The spectrum of the burst is exactly the same as the spectrum of the corresponding fricative. So, /p/ has energy at all frequencies; /k/ has a peak at around 2000Hz, and /t/ has a peak at around 4000Hz.

2.3 Aspiration

Aspiration is turbulence at the vocal folds. Basically, it's as if you said the stop, then say a very short /h/ before you start the vowel.

An /h/ is produced in the same place as a vowel --- at your glottis --- therefore it has all of the same resonances. F1 is only weakly excited, though, because the aspiration noise is flat, whereas vowel voicing is lowpass. In the word "two" up above, you can see all of the formants (F1, F2, F3, and F4) all the way through the aspiration, but the F1 pattern is a little bit distorted by the aspiration; the patterns of the other formants are perfectly clear.

2.4 Formant transitions

Formant transitions start at the instant of the release, and continue until the tongue reaches its target. That means that the transition continues through the frication (when you can't see it), and right through the aspiration (when you usually can see it, except that F1 may be wonky).

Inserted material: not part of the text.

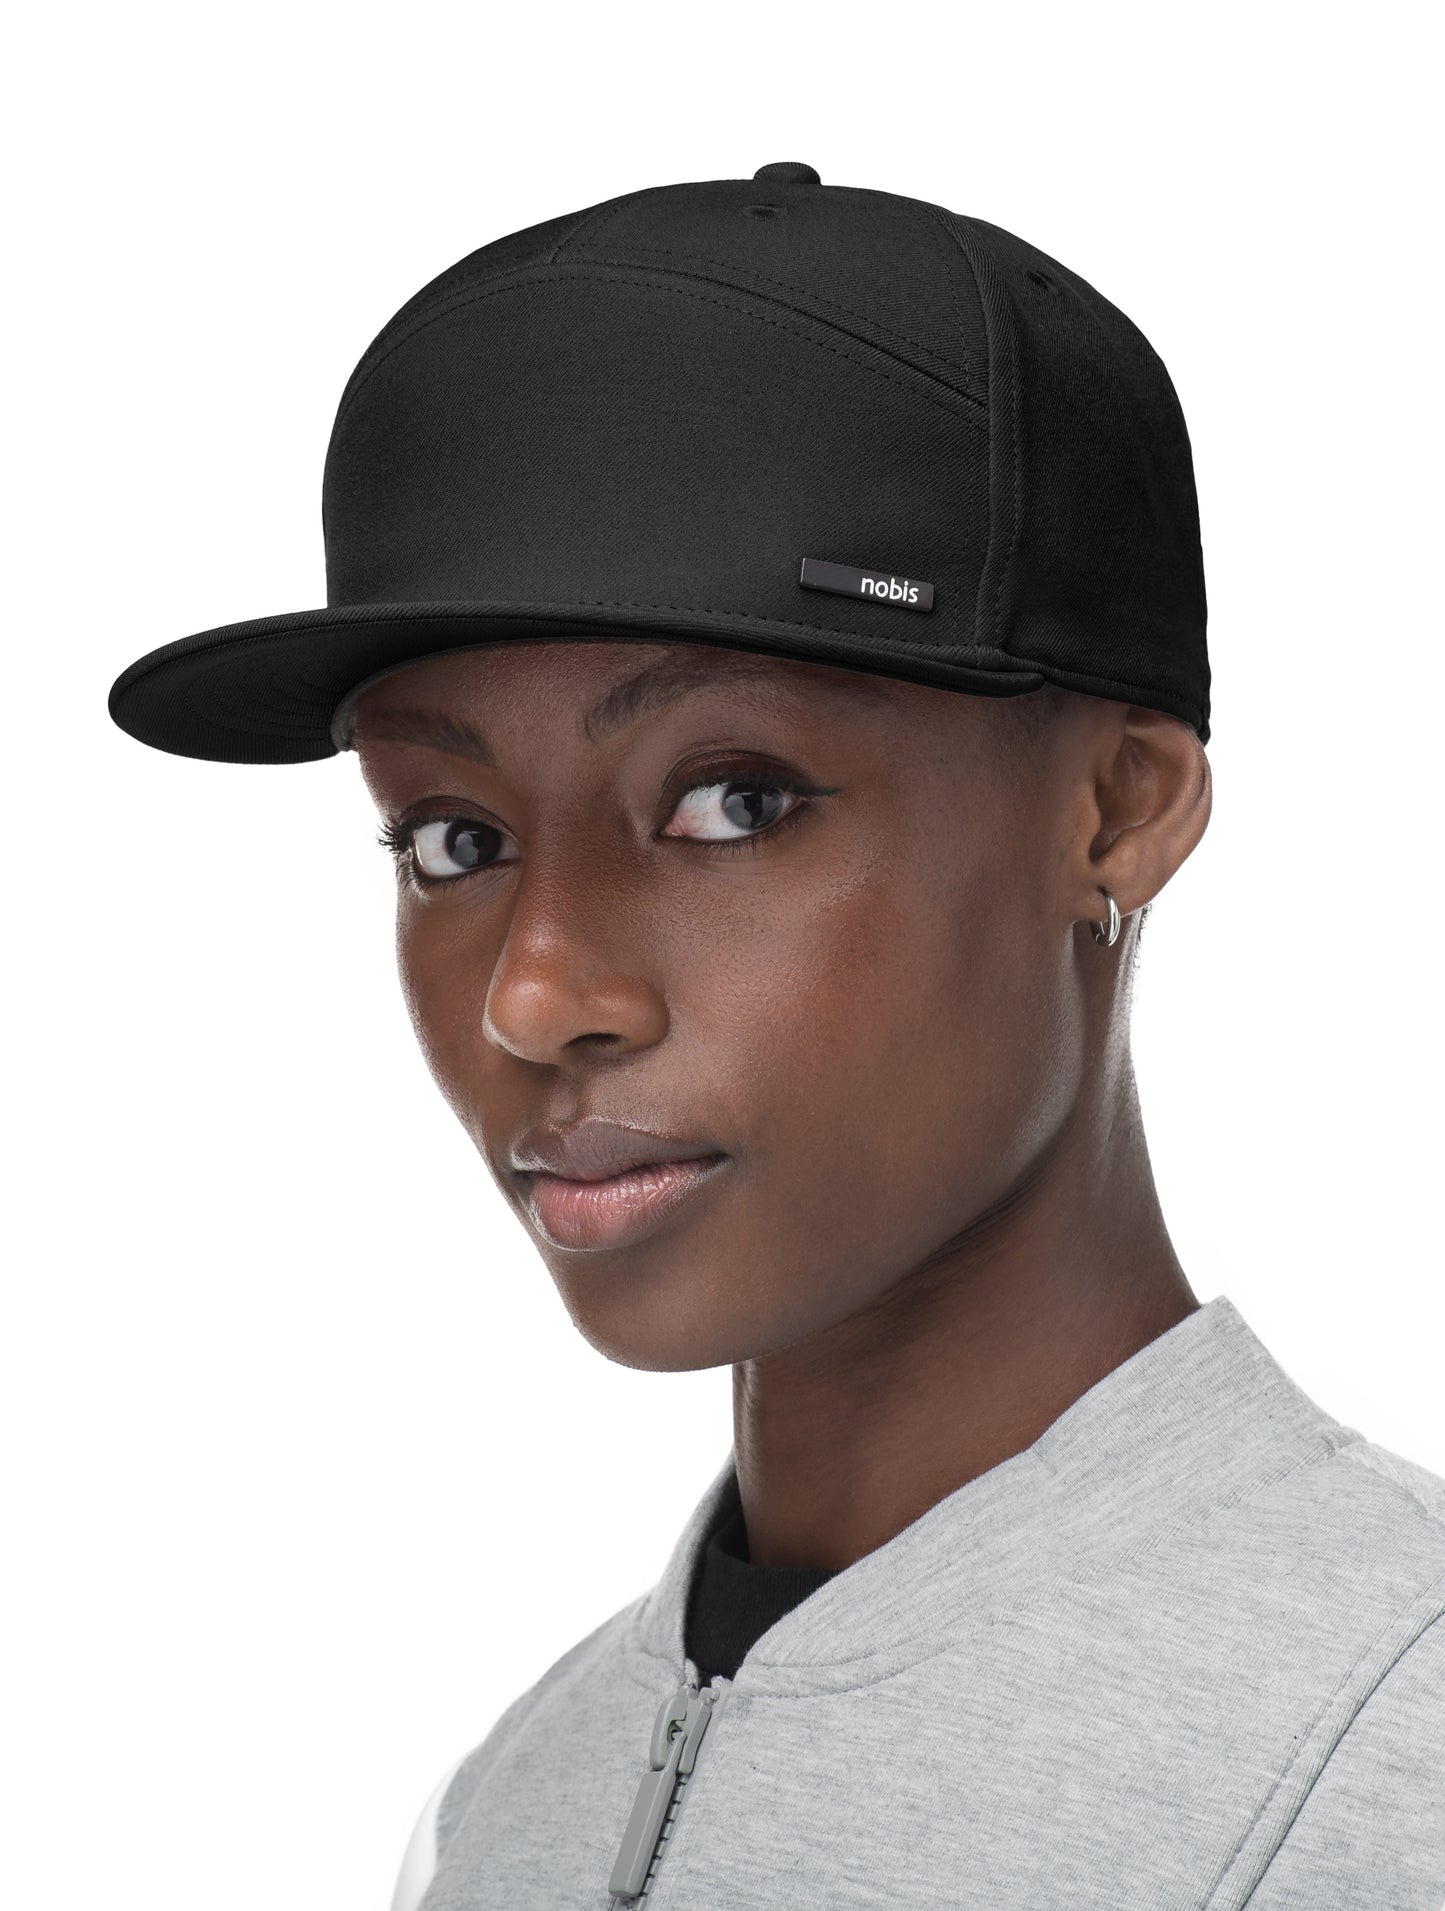 Unisex 7-panel snapback hat with flat brim and structured crown in Black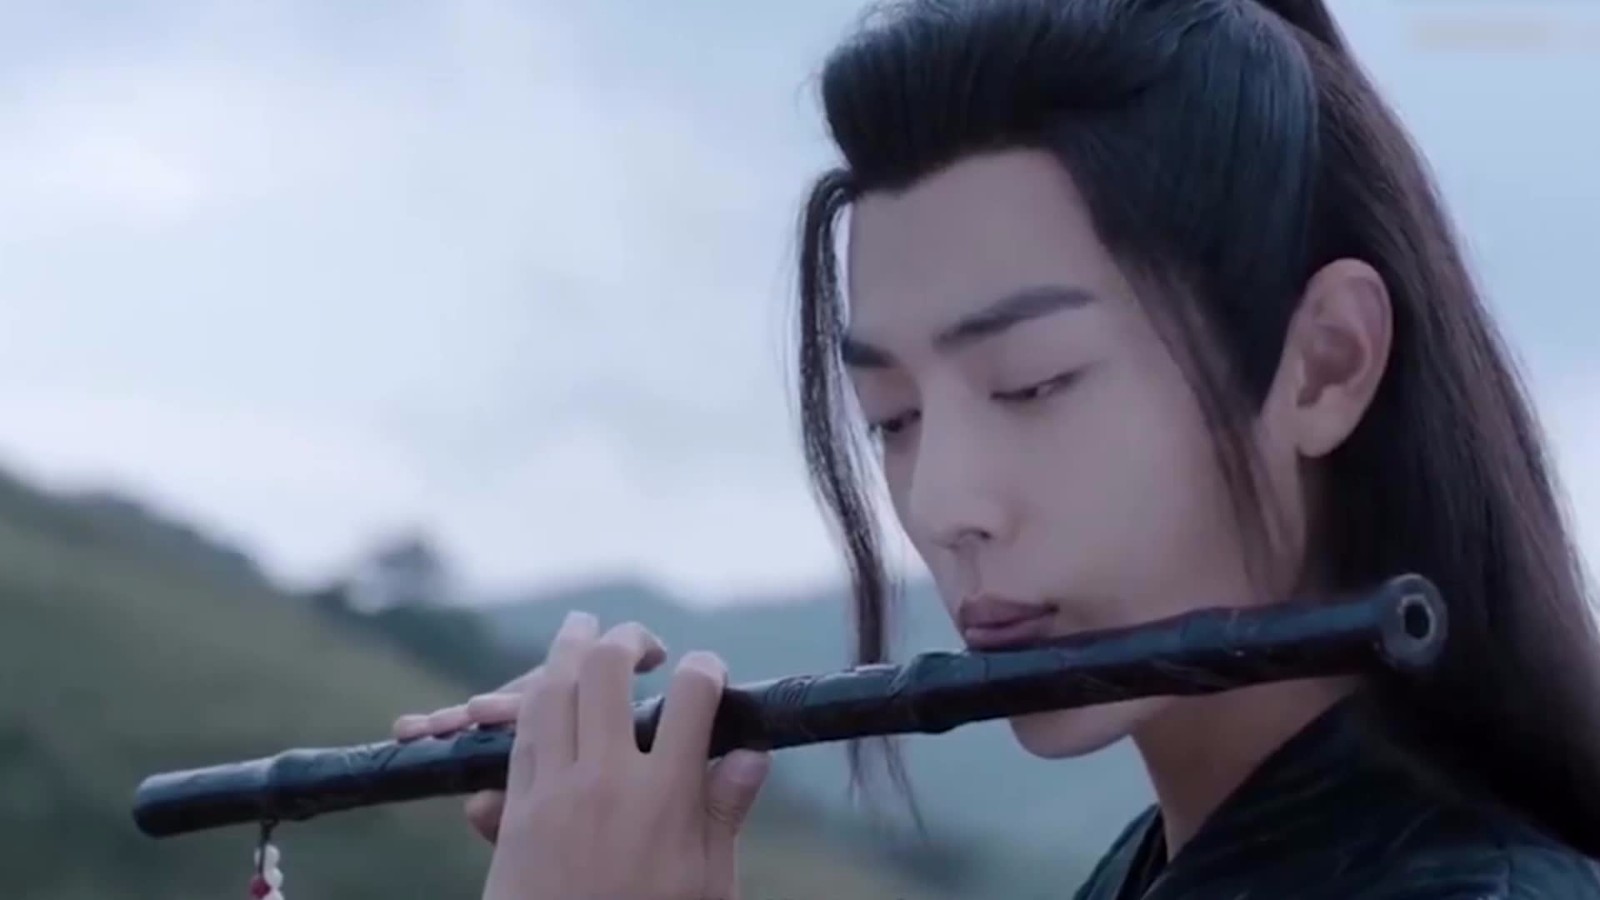 The ending of Chen Qingling, Lan Zhan: How can you let you go easily after 16 years of searching for you?

The formant transitions for a stop are exactly the same as for a nasal. Thus,

  • a labial stop (/b/ or /p/) starts with F1=0, F2=1000, and F3=2000, then moves from those values toward the formants of the vowel.
  • An alveolar stop (/d/ or /t/) starts with F1=0, F2=1800, F3=3000.
  • A velar stop starts with F1=0, and F2=F3. The actual value of F2=F3 varies, because in English, /q/ and /c/ are both considered allophones of /k/. So you might see F2=F3=1400 (in front of /a/), or F2=F3=2300 (in front of /i/).

Here's how Delattre, Liberman and Cooper put it in 1955. Oops, they left off F3. Just imagine the F3 trace: coming up for /b/, coming down for /d/, and coming from F2 for /g/: Here's how the same authors put it in 1962. Now they've included F3, but they forgot to include /g/. Oh, well, I guess you can't have everything:

3. Some Bengali stops

Rather than looking at wikipedia examples again, let's look at some Bengali data. These examples are couplets written by Tagore, provided and transcribed phonetically by Mahir Morshed. Download them, and let's look at them in Praat.

Notice that Bengali has four voicing categories: (voiced,unvoiced)X(aspirated,unaspirated). It also has four places of articulation: (labial,dental,retroflex,velar).